The question before us is whether proof that the defendant suffered a 1992 conviction for first degree burglary adequately proved the truth of a serious felony enhancement allegation as defined by Penal Code section 1192.7, subdivision (c)(18) (section 1192.7(c)(18)). 1 Section 1192.7(c)(18) defines serious felonies for the purpose of sentence enhancement as including "burglary of an inhabited dwelling house, or trailer coach as defined by the Vehicle Code, or inhabited portion of any other building...." The quoted language duplicated the definition of first degree burglary in effect at the time section 1192.7(c)(18) last was amended in 1986. (Stats.1986, ch. 489, § 1, p. 1809 [section 1192.7(c)(18) ]; Stats.1982, ch. 1297, § 1, p. 4787 [section 460--differing only in its use of the word "the" before "inhabited portion"].) In 1989, however, the Legislature added the phrase "burglary of ... [a] vessel ... which is inhabited and designed for habitation" to the definition of first degree burglary in section 460. (Stats.1989, ch. 357, § 3, pp. 1475-1476, eff. Jan. 1, 1990.)
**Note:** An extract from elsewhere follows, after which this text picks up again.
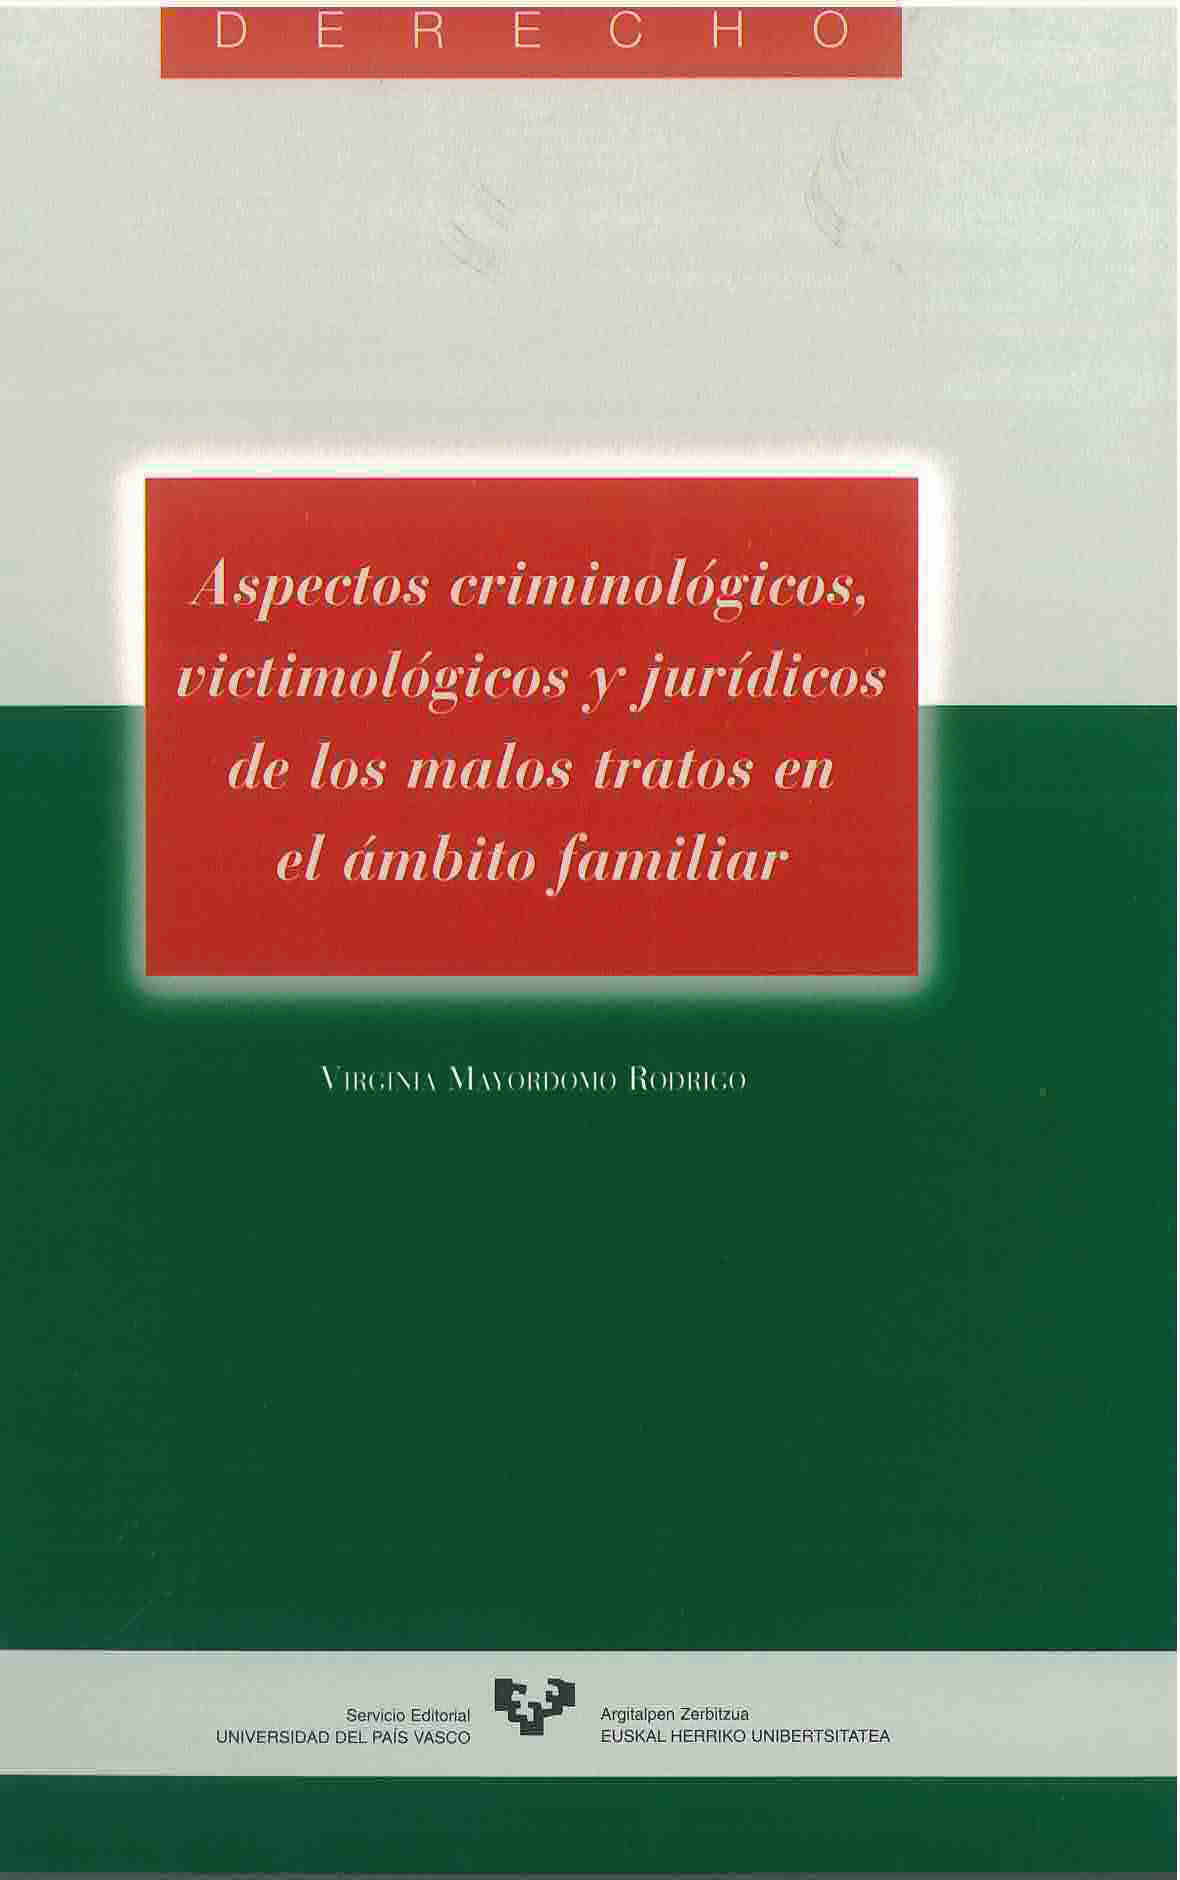 Aspectos criminológicos, victimológicos y jurídicos de los malos tratos en ámbito familiar

The Court of Appeal concluded that proof of a first degree burglary conviction under section 460, based upon a burglary committed after the effective date of the 1989 amendment, does not prove adequately that a defendant has previously committed a serious felony for the purpose of sentence enhancement under section 1192.7(c)(18), because of the divergence between the two sections that began with the 1989 amendment. We disagree. As we shall explain, the phrase "inhabited dwelling house" is a broad, inclusive term that includes an inhabited vessel. The circumstance that the Legislature amended the statutory definition of first degree burglary in section 460, to include explicitly burglary of an inhabited vessel, does not require us to interpret the broad, inclusive term "inhabited dwelling house" in a narrow fashion when the term appears in section 1192.7(c)(18). We conclude that proof that the defendant was convicted of a 1991 first degree burglary, a crime that may include burglary of an inhabited vessel, adequately proves the truth of a serious felony enhancement based upon a previous conviction for "burglary of an inhabited dwelling."

I

In 1993, a jury convicted defendant of two counts of second degree robbery (§§ 211, 212.5, former subd. (b) [now subd. (c) ] ), and one count of possession of a firearm by an ex-felon (§ 12021, subd. (a)). The jury also found true the allegations that defendant used a firearm in committing the robberies. (§ 12022.5, subd. (a).) In a bifurcated trial, a second jury found true the allegation that defendant had suffered a prior serious felony conviction in 1992 for a first degree burglary that occurred in 1991. (§§ 667, subd. (a), 1192.7(c)(18).) In a separate proceeding, another jury convicted defendant of one count of escape (involving custody for a felony; § 4532, subd. (b)), an escape that occurred after defendant was arraigned on the robbery charges. In yet another separate proceeding, the court revoked defendant's probation for the 1992 first degree burglary conviction (§§ 459, 460). He was sentenced on all matters simultaneously, receiving a total term of twelve years and eight months in state prison, which included a five-year enhancement for the 1992 first degree burglary conviction.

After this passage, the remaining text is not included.